[[ DATA SHOWN, beginning ]]
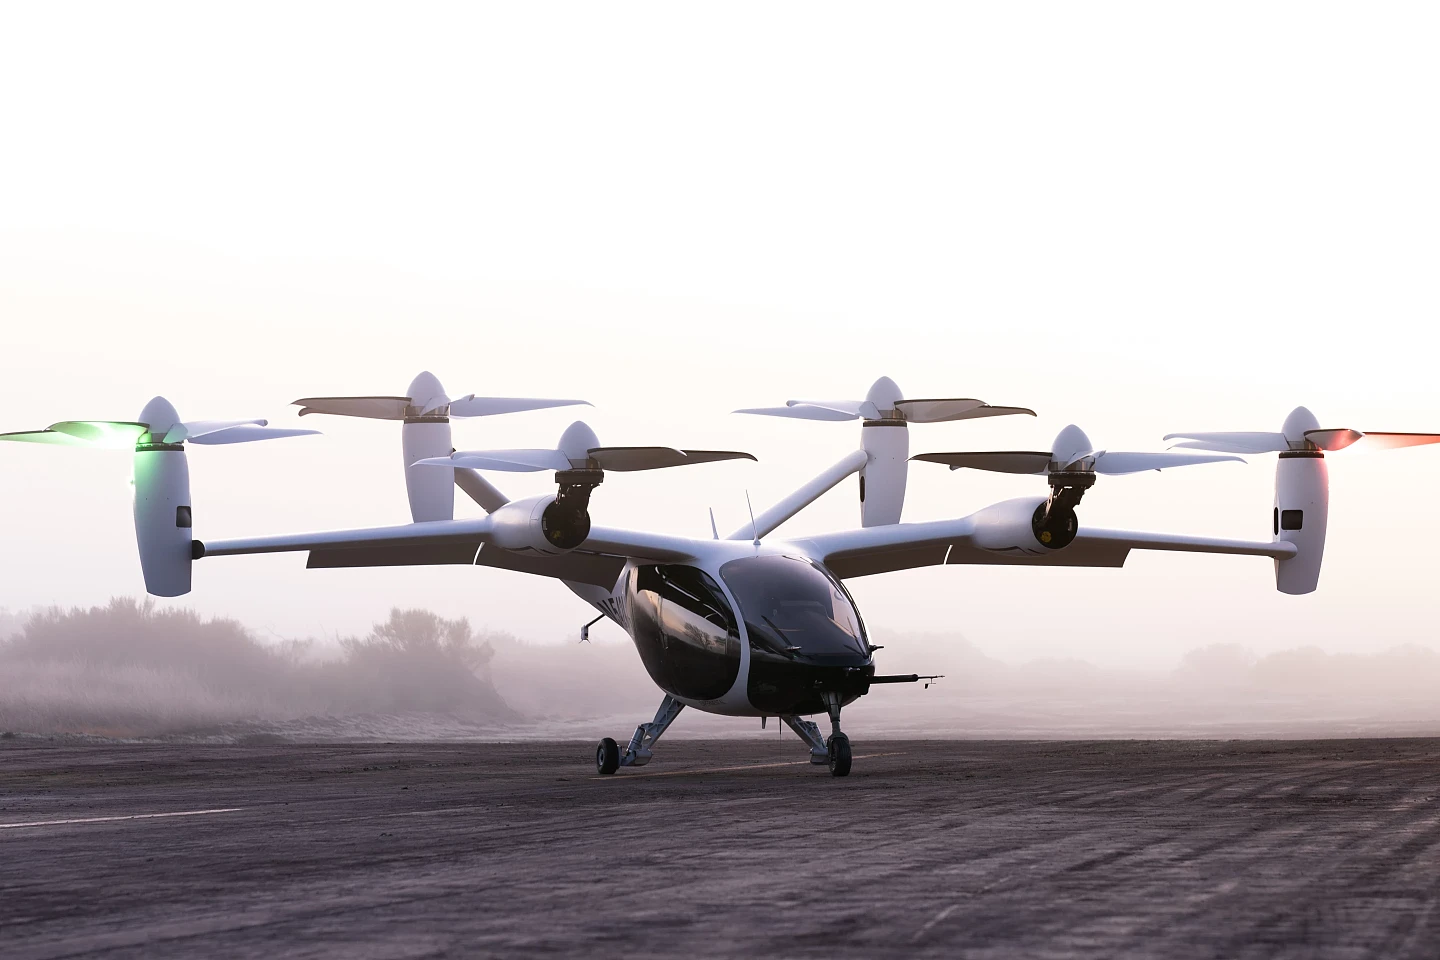 Joby发布eVTOL完整飞行轮廓视频并碳信用交易系统计划 - 1
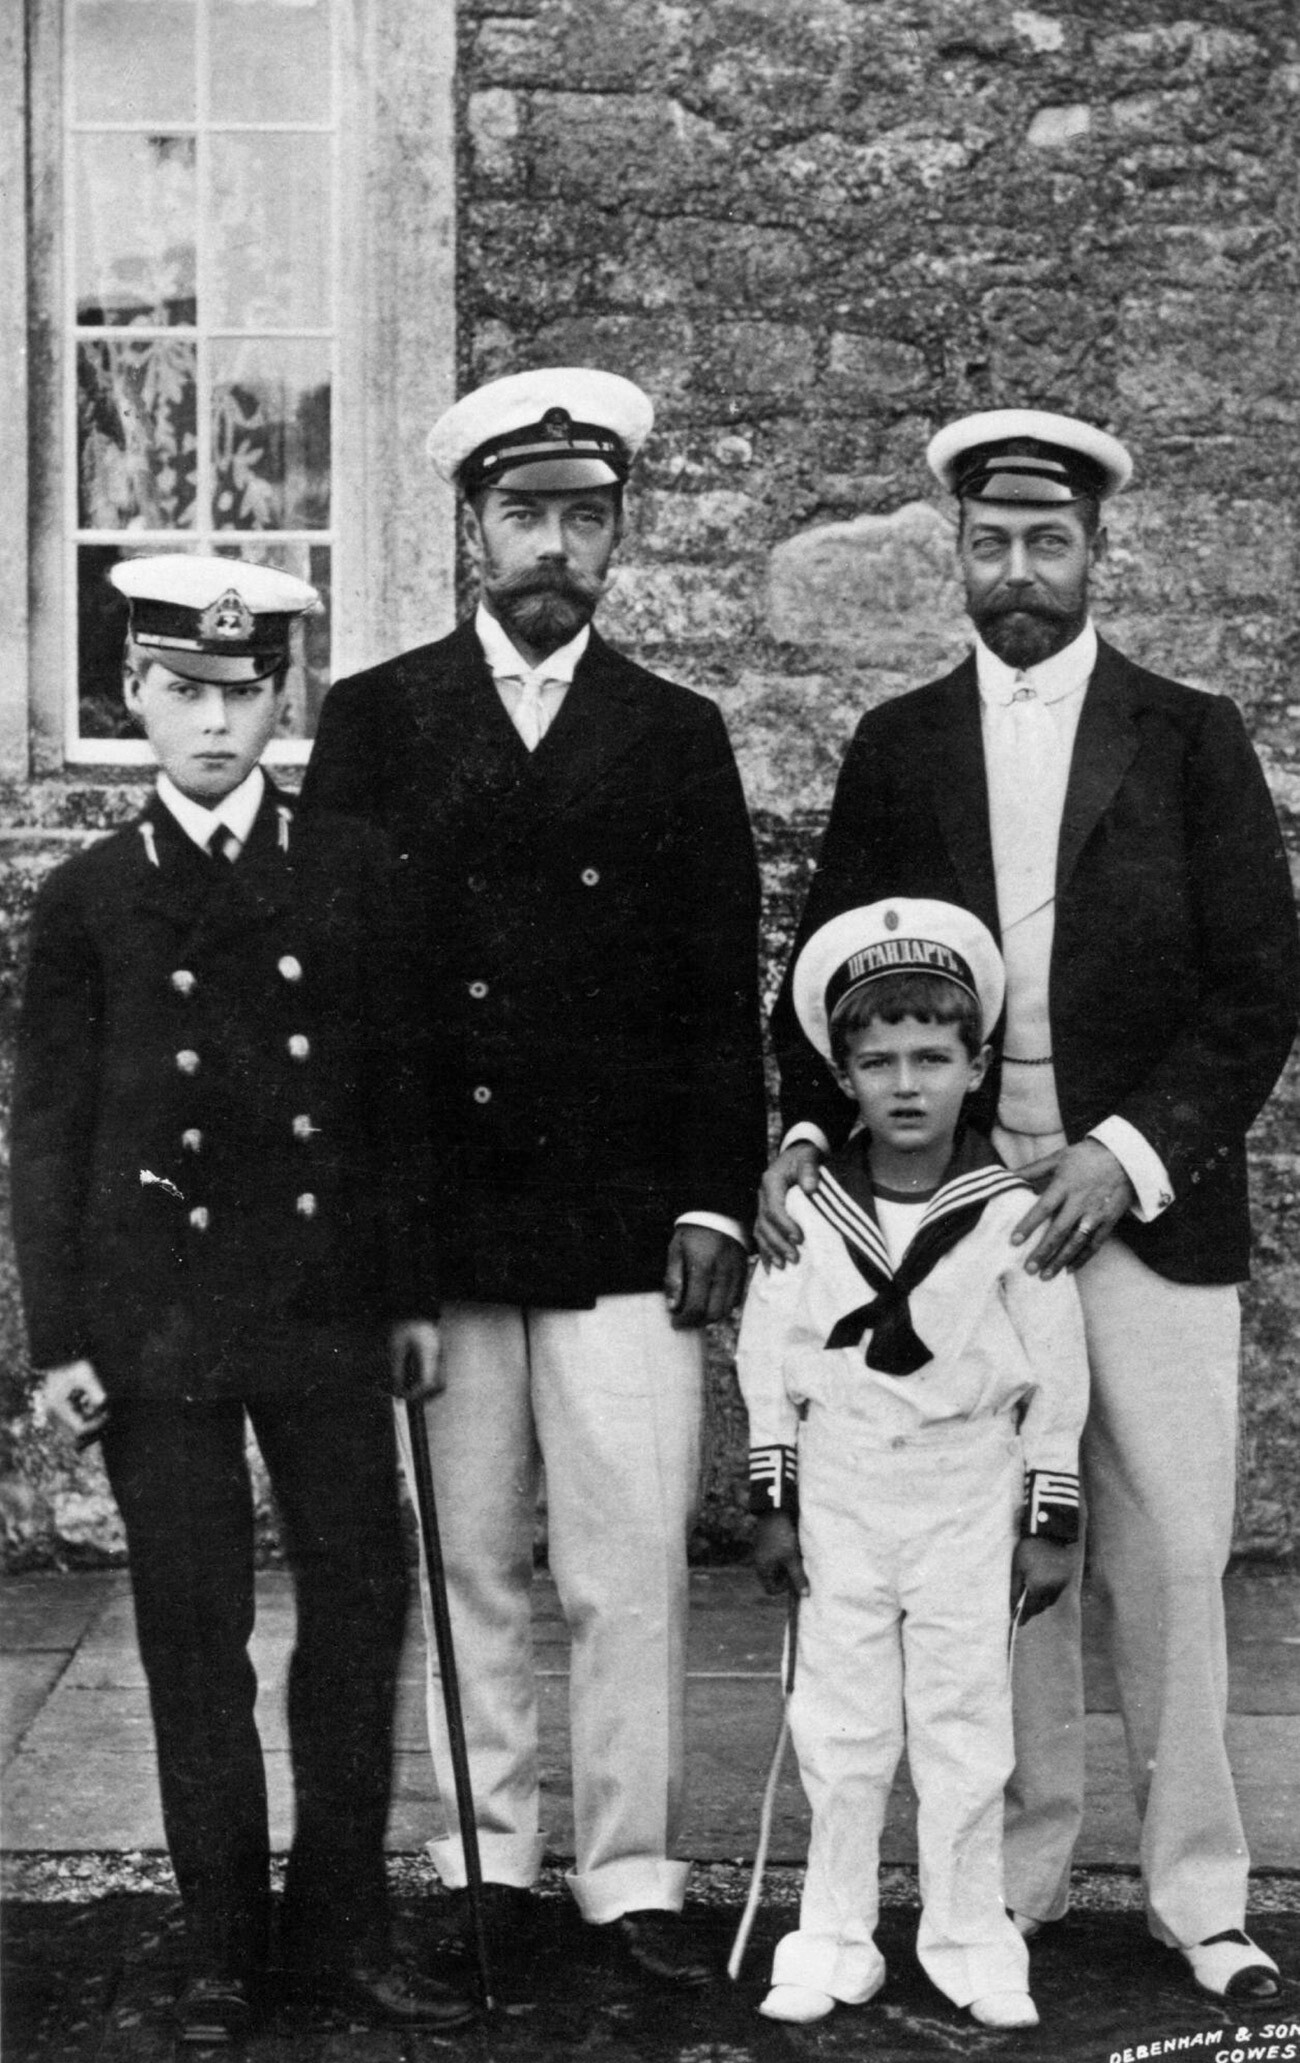 Sepupu kerajaan dan putra mereka: dari kiri ke kanan, Pangeran Edward, Nikolay II, Pangeran Alexei, dan George V.
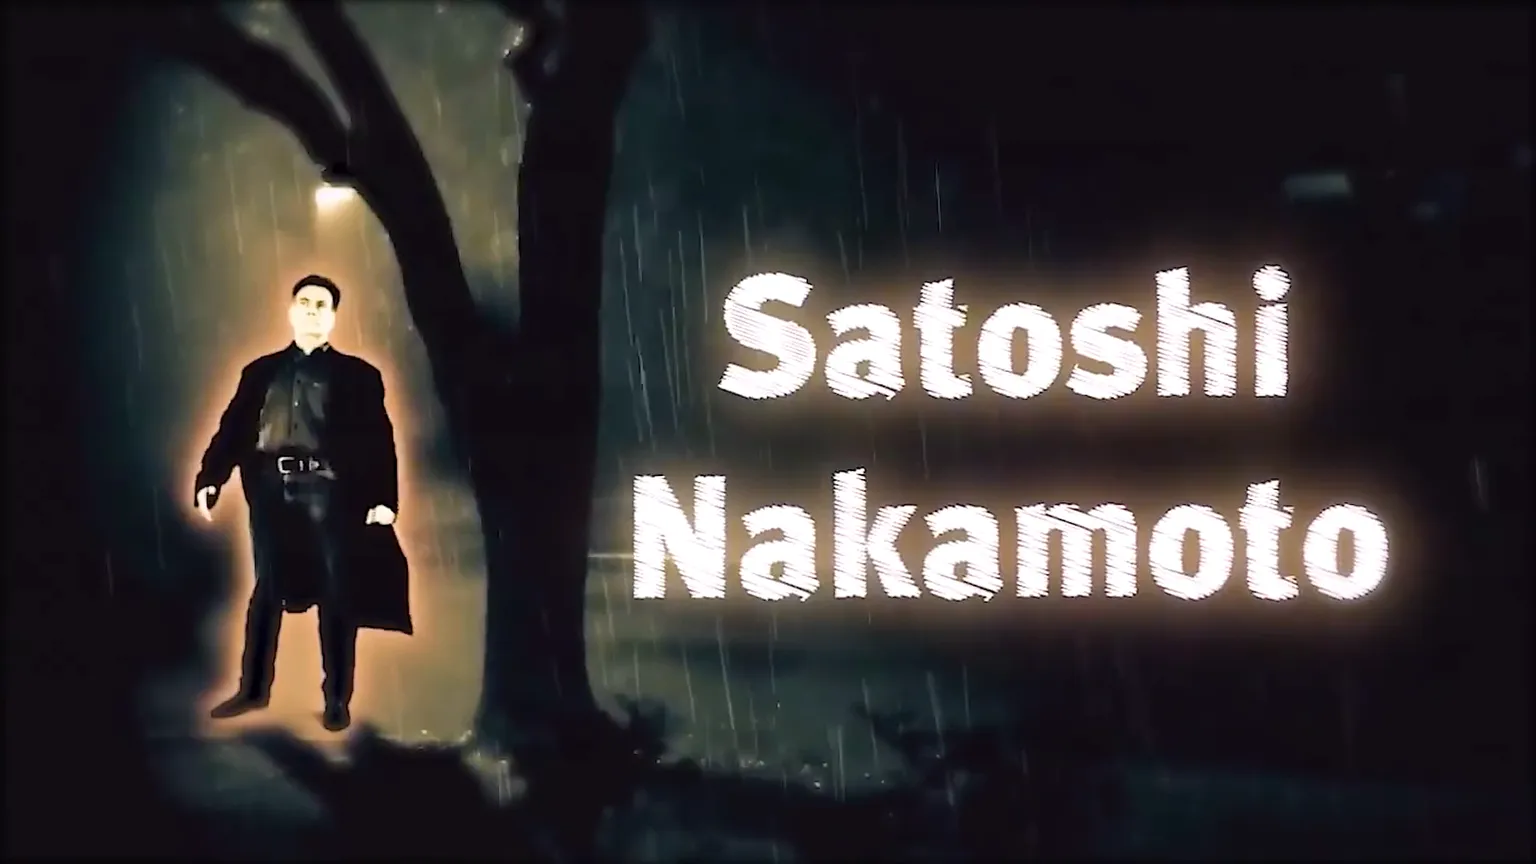 Caputura del Video de Edir Macedo, explicando quien es Satoshi Nakamoto y por qué creó Bitcoin anómimamente. Imagen: YouTube
[[ DATA SHOWN, end ]]
**BRIEF:**
Omit the pictures. Transcribe word for word the lines from the one containing "Sepupu kerajaan dan" through the end of the listing, inclusive.

**EXERCISE SOLUTION:**
 Sepupu kerajaan dan putra mereka: dari kiri ke kanan, Pangeran Edward, Nikolay II, Pangeran Alexei, dan George V.
 Caputura del Video de Edir Macedo, explicando quien es Satoshi Nakamoto y por qué creó Bitcoin anómimamente. Imagen: YouTube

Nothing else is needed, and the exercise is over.